An advisory panel to the prime minister examining the future of local governments has decided not to specify a desirable population level as a factor in deciding the scope of administrative powers for local authorities, according to panel sources.

The Local Government System Research Council made the decision despite calls from the ruling Liberal Democratic Party and from within the council itself for a population of at least 10,000 to be required for municipal mergers.

The panel, headed by Ken Moroi, an adviser to Taiheiyo Cement Corp., apparently decided not to adopt the proposal because of opposition from sparsely populated towns and villages that fear it would force them to merge with larger neighbors.
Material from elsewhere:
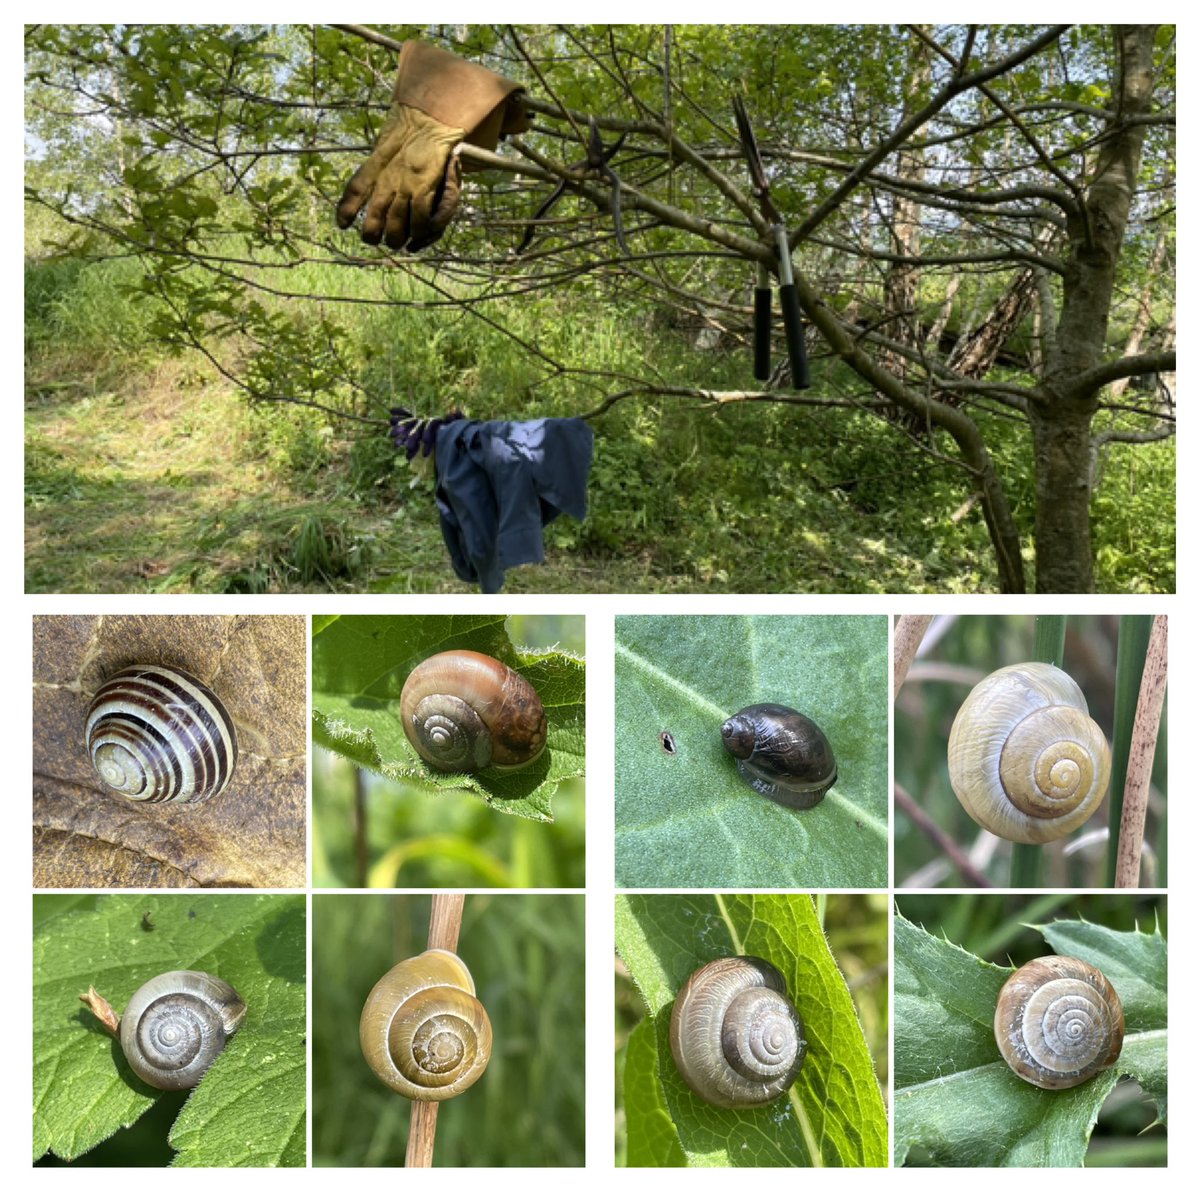 Still taking life at #recovery/#snails pace - making progress, however slow! I enjoyed some #NatureGardening over the weekend, discovering friends amongst thistles and docks - that really had to go! Another friend, Mr Oak, looked after my stuff, offering shade and respite #Trees

An interim report to be released by the council later this month is likely to simply call for the need to clarify the targeted population for mergers that have been promoted under a special law due to expire in March 2005.

The panel is expected to continue discussing the issue until it submits a final report in November.

Whether an ideal size of a municipality's population should be indicated has become a central issue for the panel after its vice chairman, Masaru Nishio, called for the powers of local governments of areas with populations smaller than "city levels" to be trimmed.

An LDP project team, in an interim report in December, went further and proposed setting the population threshold for trimming local government powers at "less than 10,000."

Forty-eight percent of the 3,190 cities, towns and villages in Japan had populations of less than 10,000 as of April 1.